Did the 'calm observers of the county', he said, really believe that 'wholesale destruction of so-called vermin' by gamekeepers was really materially increasing the stock of pheasants and partridges?

'Is it by exterminating the kite or the kestrel that rats and mice will take the hint and make themselves scarce? The idea is ridiculous!' he fumed, attacking the 'ancient prejudice' of gamekeepers.

And as for seafowl, 'no class of bird is so cruelly persecuted', made much worse by this slaughter (by 'Cockney sportsmen') being in the birds' breeding season. It was not just these sportsmen who should take the blame, he said. Ladies of fashion who were keen to wear bird plumes in their hats gave 'impetus to the slaughter'. He highlighted how thousands of kittiwakes were being killed every year for the fashion trade.

'Fair and innocent as the snowy plumage looks in a lady's hat I must tell the wearer the truth: that she bears on her head the band of a murderess!' That drew some gasps and uncomfortable laughter from the audience, which no doubt included some of those very ladies of fashion.

Other countries had brought in conservation laws, Newton added - but not Britain. 'It should be as penal to shoot a hawk or a seagull out of season as a pheasant or grouse,' he said. 'Each has its proper function, and if in spite of what we can do to prevent it certain species become extinct, then they should not discourage us from protecting the rest.'

If we did not take action now, he concluded, then we would receive 'few thanks from posterity'. And with that he sat down to loud applause.

His comments were widely reported – and widely praised. The Sea Birds Preservation Act of 1869 was directly inspired by his campaign, giving protection – for the first time in British history – to birds for conservation reasons.

Newton went on to live for almost four more decades, keeping the chair of zoology at Cambridge until his death. He was painstaking in his research, forthright in his views, voluminous in his correspondence – Charles Darwin and Norfolk's John Henry Gurney being but two of his friends – and, above all, passionate about the need to research and protect the world's birds. Newton died in his beloved Magdalene College, Cambridge, in June 1907, revered as one of this country's founding fathers of zoology, and who took it from the age of the cabinet of curiosities to a modern science.

But what would Alfred say now, I wonder, if he could look down on us? He would be shocked, I'm sure, by the disappearance of millions of seabirds worldwide through climate change and human intervention. He would have been particularly grieved by the decline of the kittiwake, the bird he based much of that 1858 speech around.
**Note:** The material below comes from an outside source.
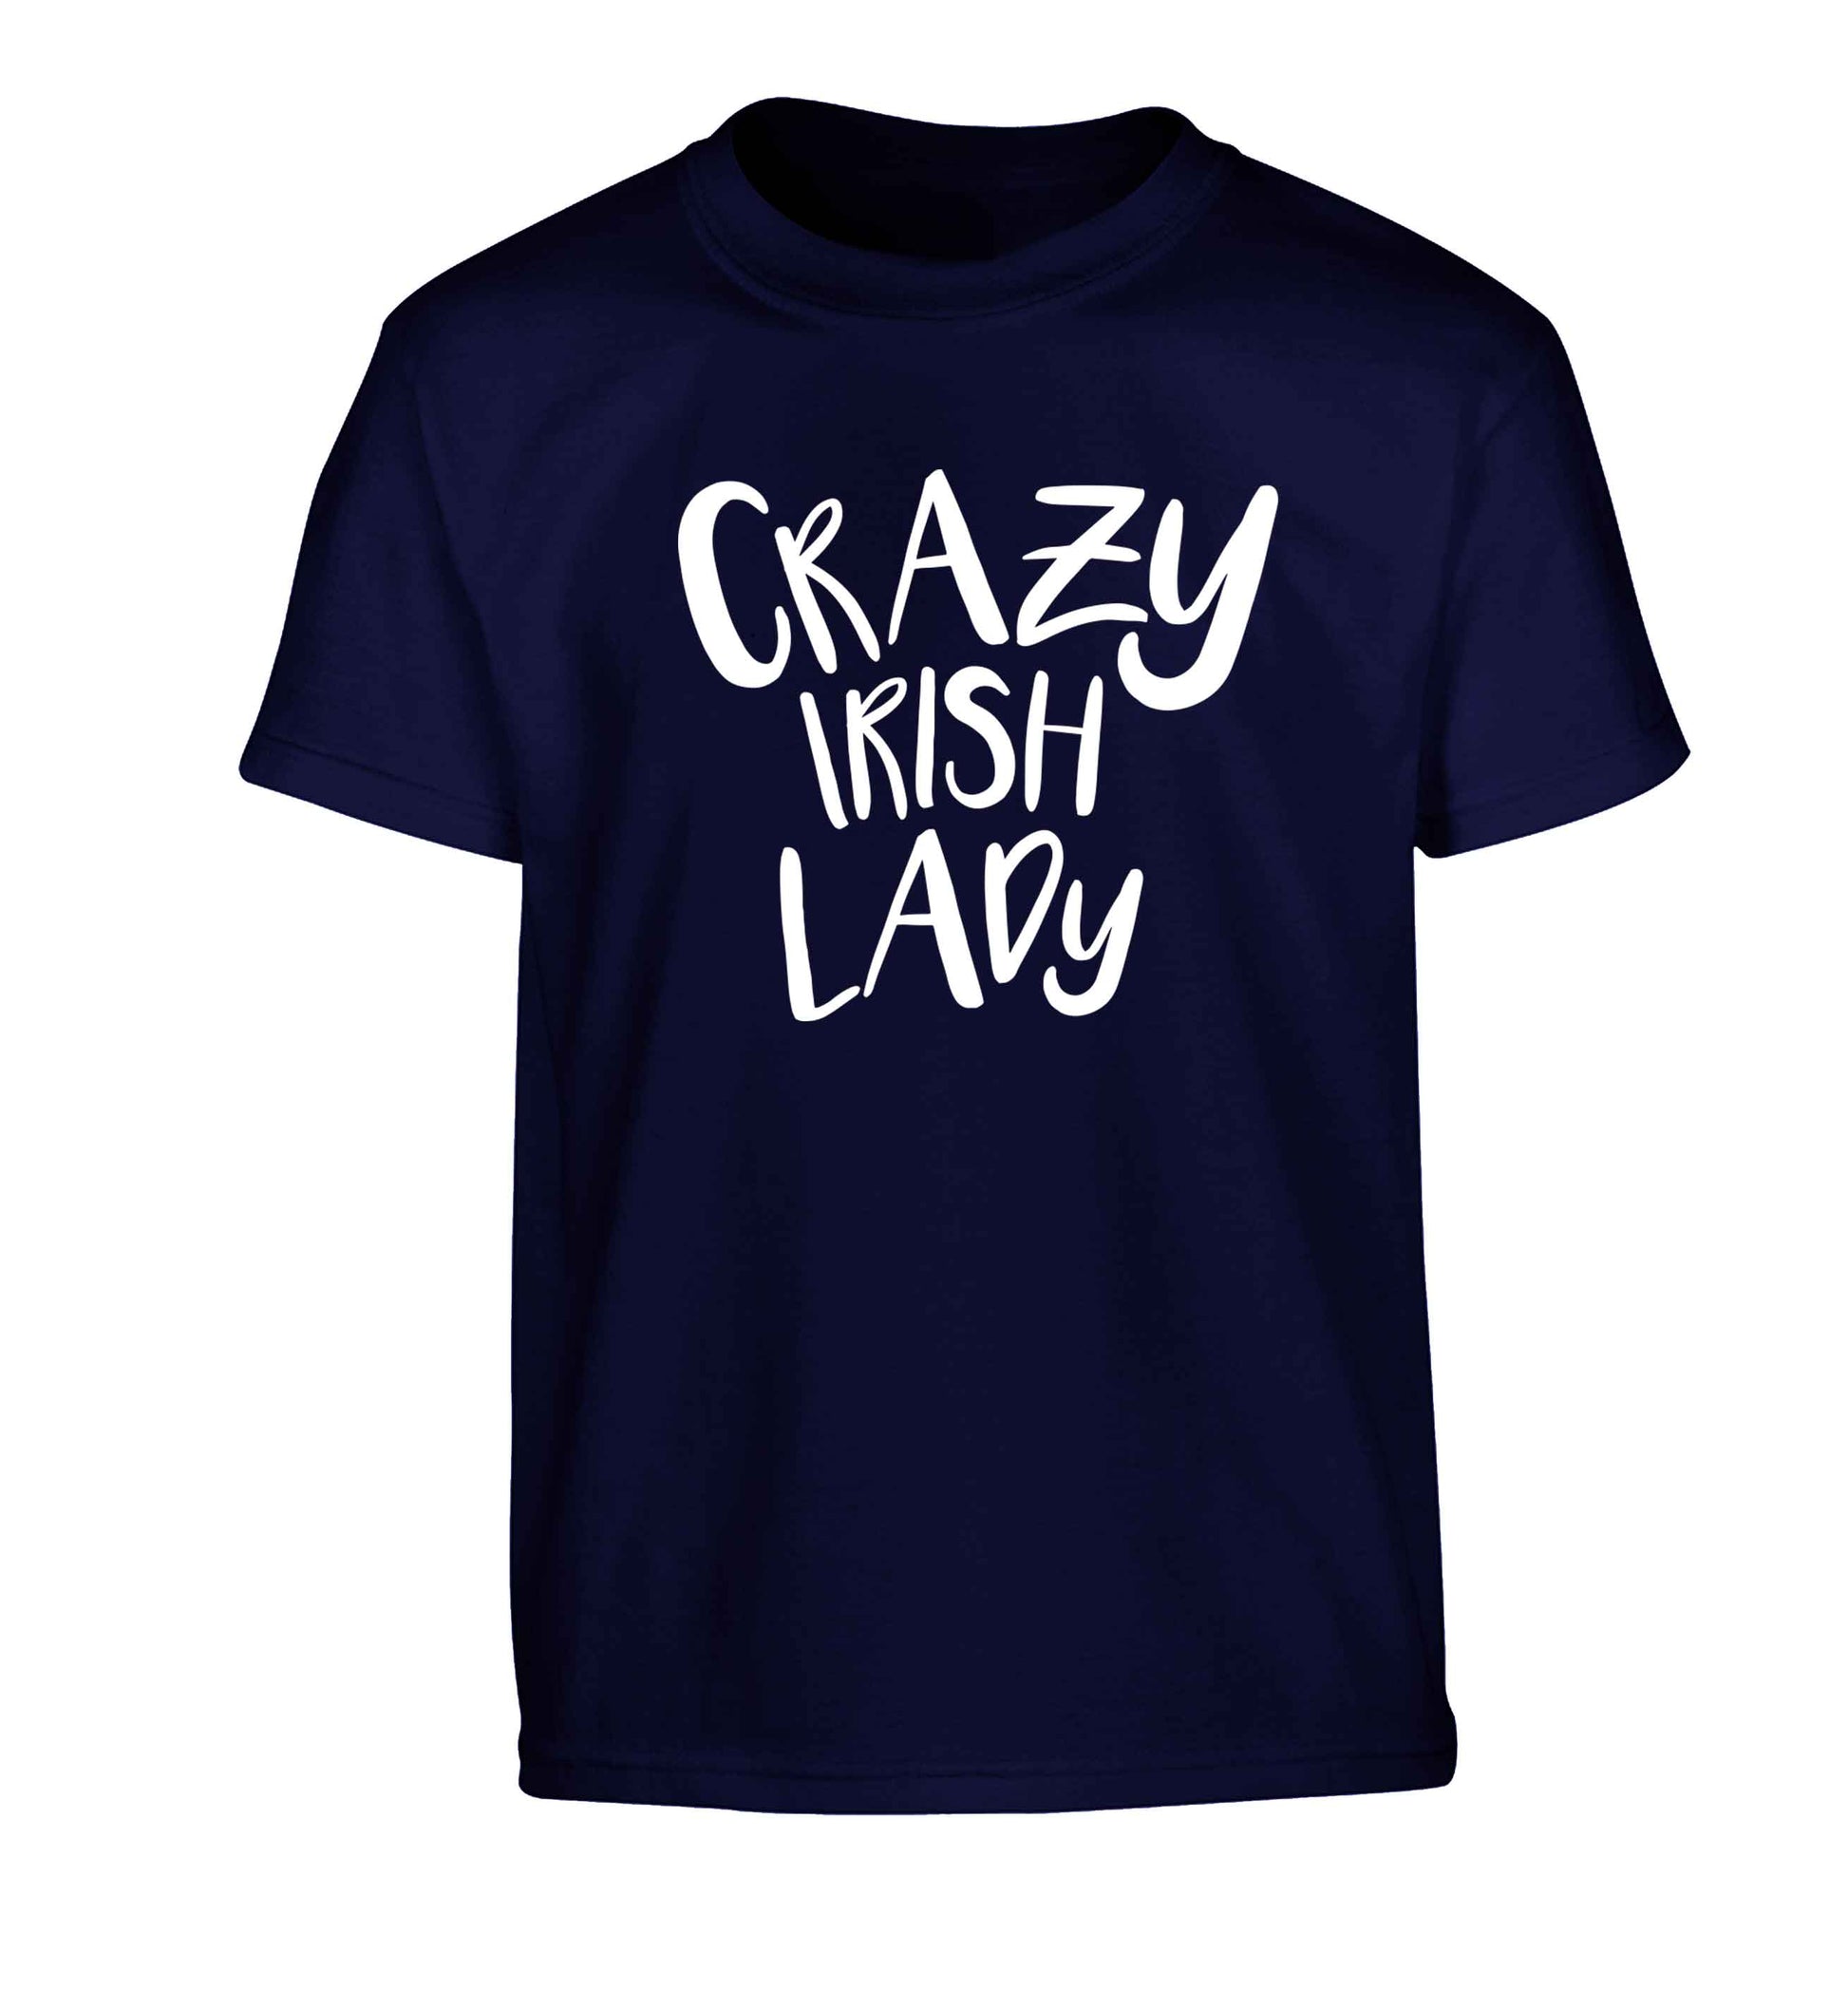 Crazy Irish lady Children's navy Tshirt 12-13 Years

In Shetland alone, the number of kittiwakes has fallen from more than 55,000 in 1981 to less than 5,000 now.

He would be astounded too by the volume of plastic in our seas and on our beaches – substances only just beginning to be developed in his lifetime.

And he would be saddened by the continued persecution of birds of prey by misguided gamekeepers and landowners.

The harsh fact is that we are still fighting Alfred's battles. And here in Norfolk too. The wildlife filmmaker and conservationist David Cobham, who sadly died a couple of months ago, wrote a brilliant account of the continuing persecution of birds of prey, A Sparrowhawk's Lament, in 2014. Another great Norfolk nature writer, Mark Cocker, has recently published Our Place: Can We Save Britain's Wildlife Before It Is Too Late?

Alfred's successors – the RSPB, the Norfolk-based BTO, the Wildlife Trusts, the likes of Sir David Attenborough - are tireless in their efforts to educate us to the danger, the very real danger, that we will go past the point of no return unless we act now.

A hundred and fifty years on, the message that Alfred Newton stood to deliver to an audience in Norwich still rings true. And as he warned us back then, we will receive few thanks from posterity if we do not listen to it.